++++ Exercise data ++++
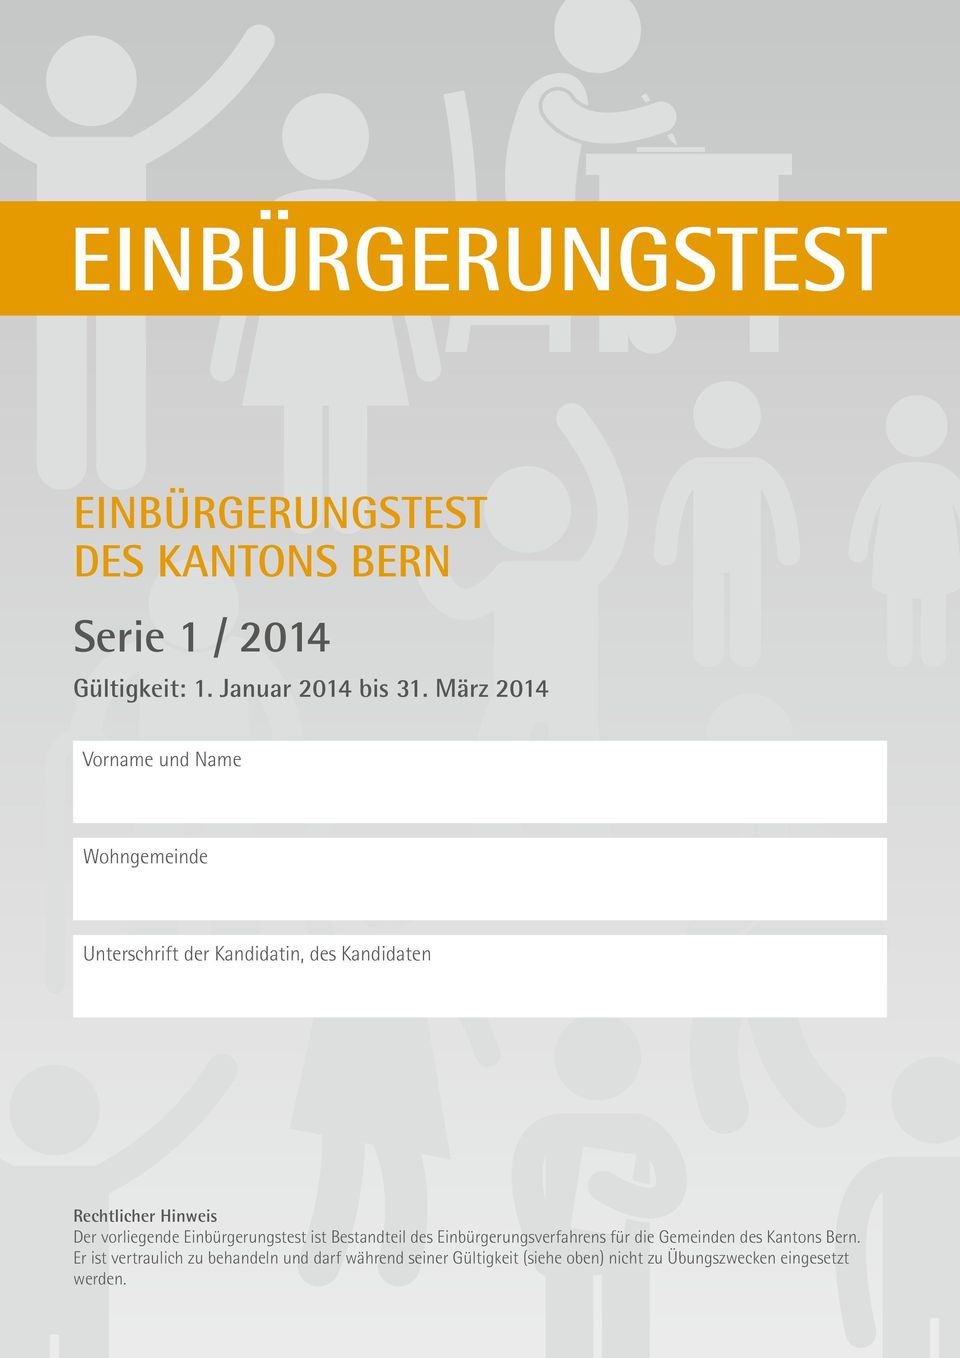 vorliegende Einbürgerungstest ist Bestandteil des Einbürgerungsverfahrens für die Gemeinden des Kantons Bern.
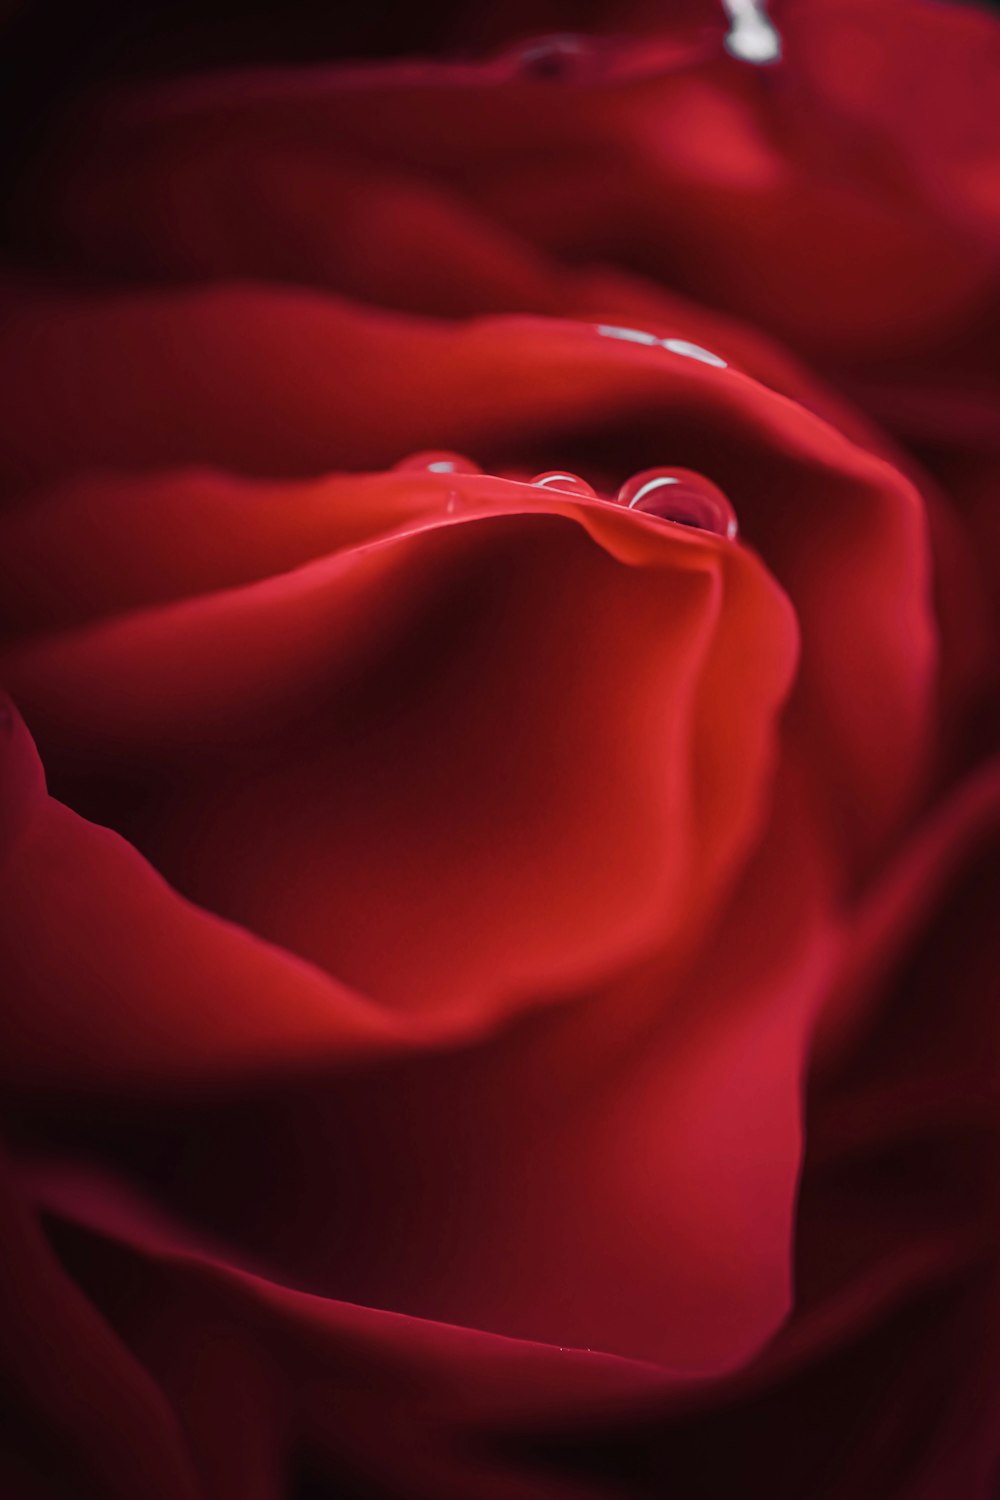 rosa vermelha na fotografia de perto
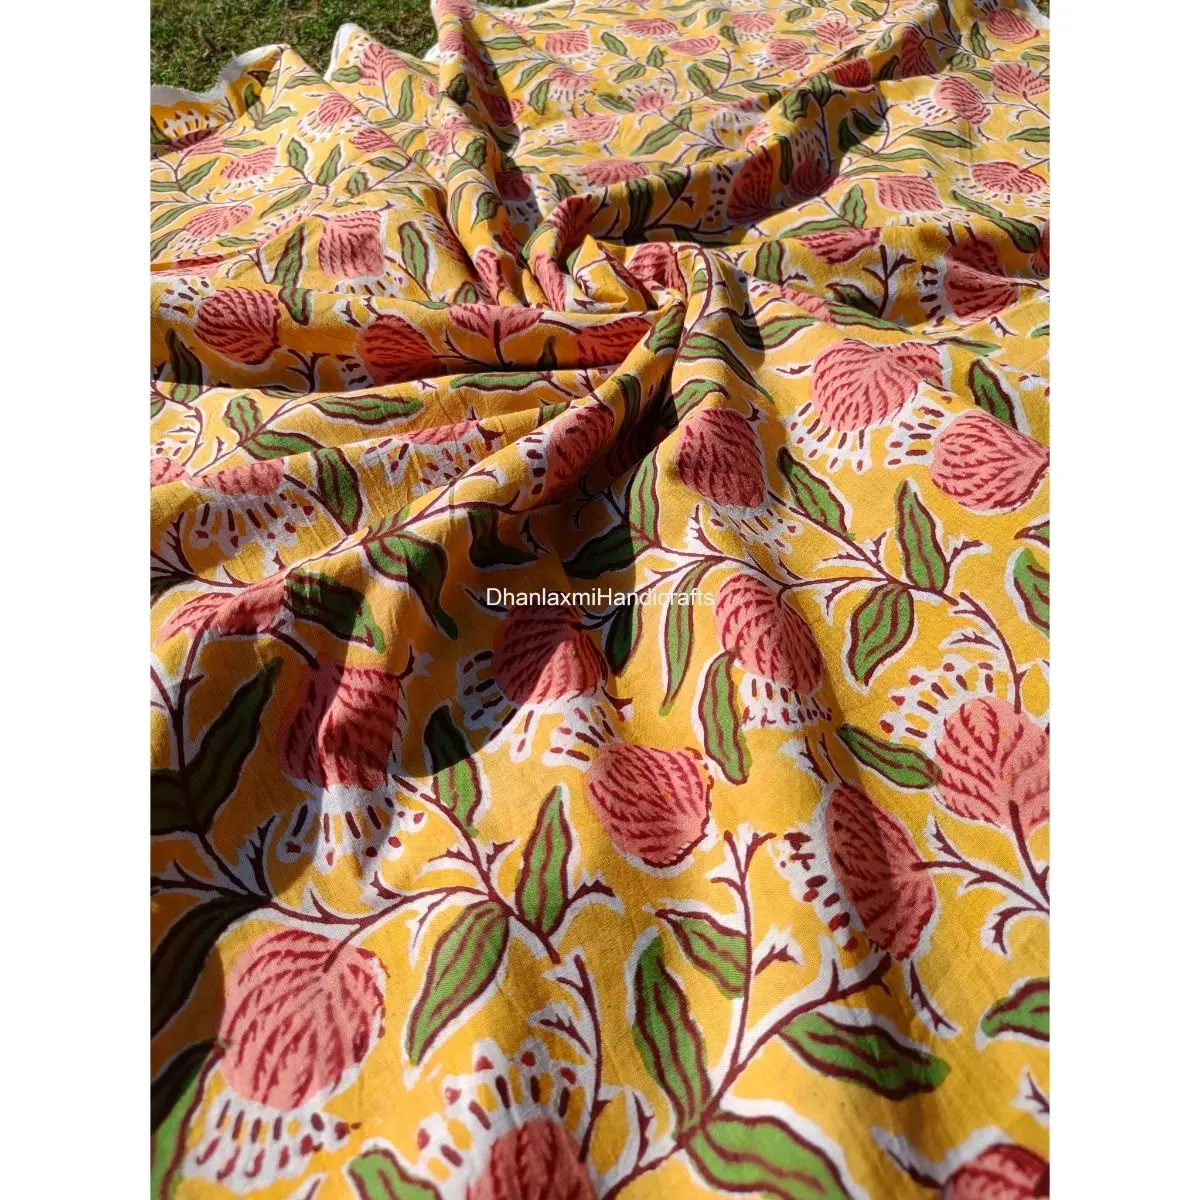 Mehrfarbiger Großhandel Laufs toff Indisches Tuch Textil 100% Baumwolle Kleidungs stück Material Blumen Hand block druck
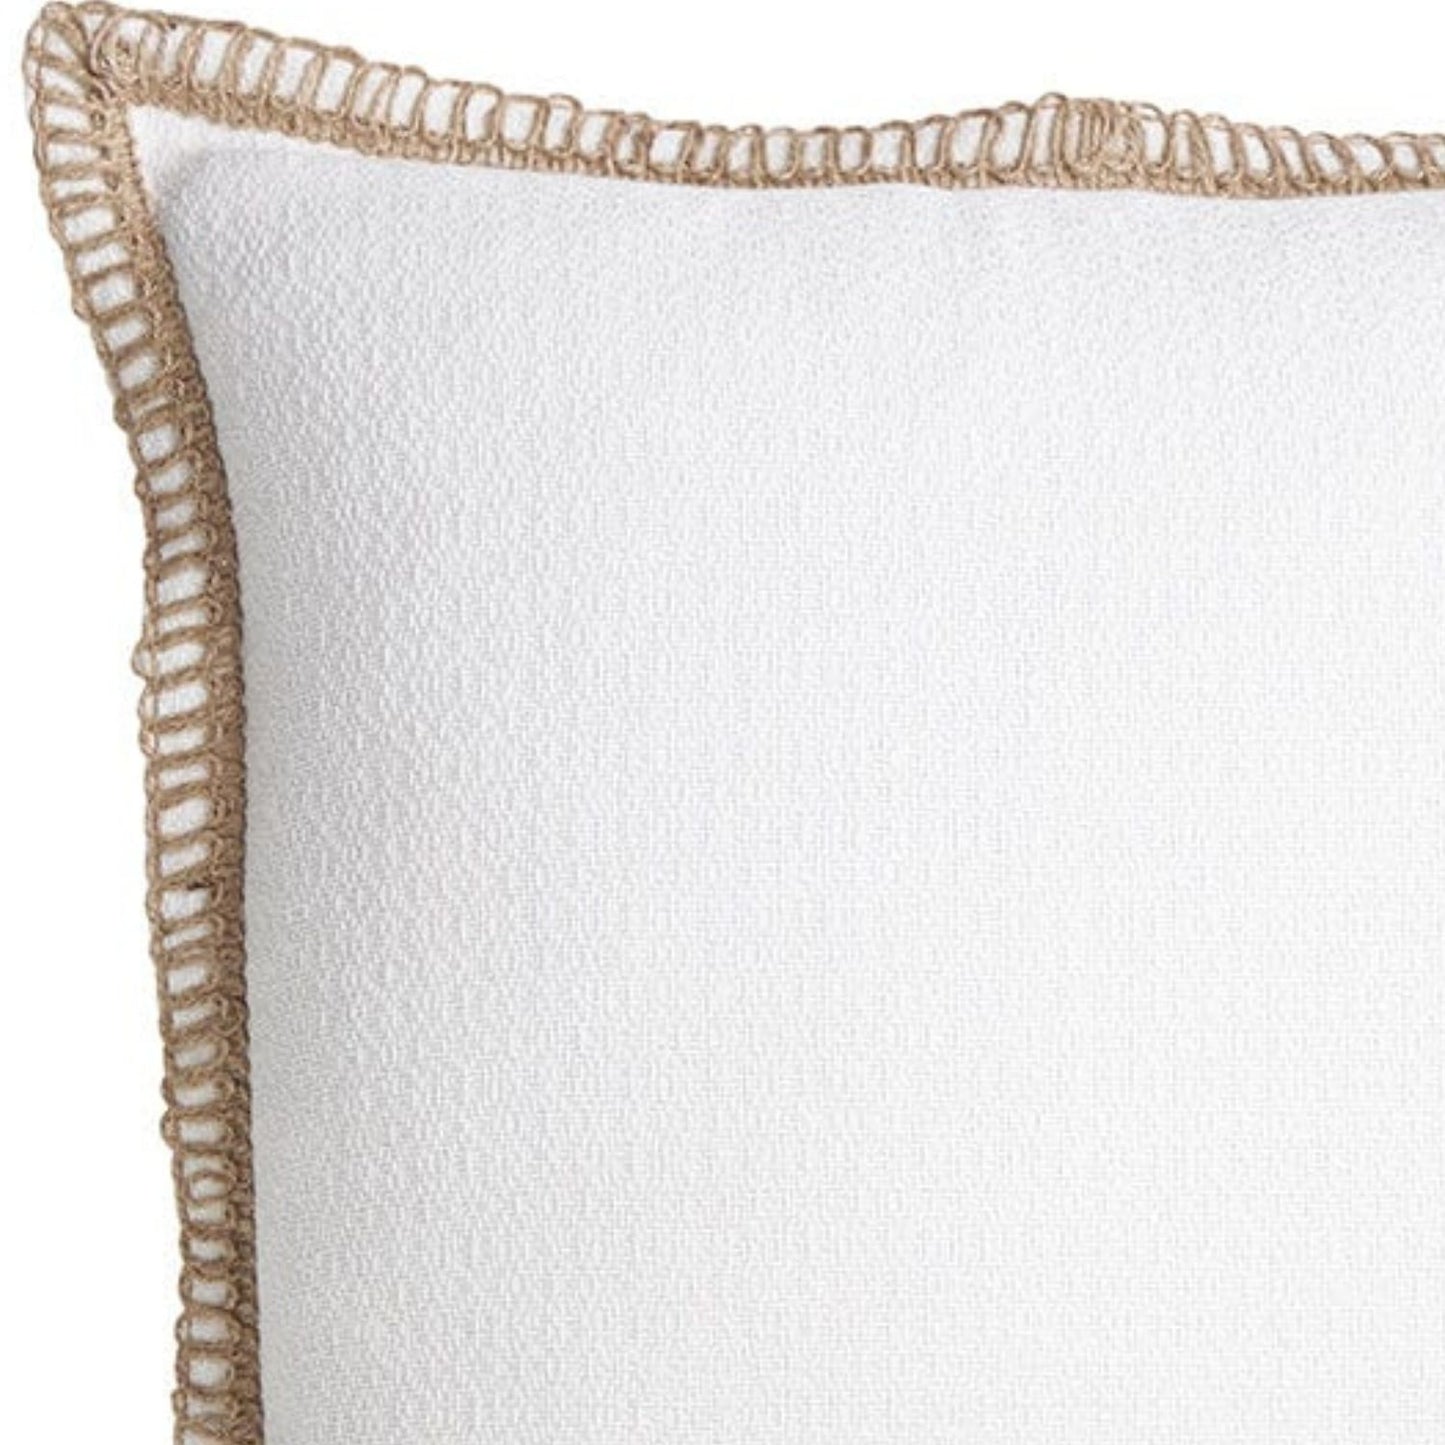 Coastal cushion white with rope style edging 50x50
++++
=== Task to complete ===
Reproduce the material above verbatim; omit every picture.

=== Your solution ===
 vorliegende Einbürgerungstest ist Bestandteil des Einbürgerungsverfahrens für die Gemeinden des Kantons Bern.
 rosa vermelha na fotografia de perto
 Mehrfarbiger Großhandel Laufs toff Indisches Tuch Textil 100% Baumwolle Kleidungs stück Material Blumen Hand block druck
 Coastal cushion white with rope style edging 50x50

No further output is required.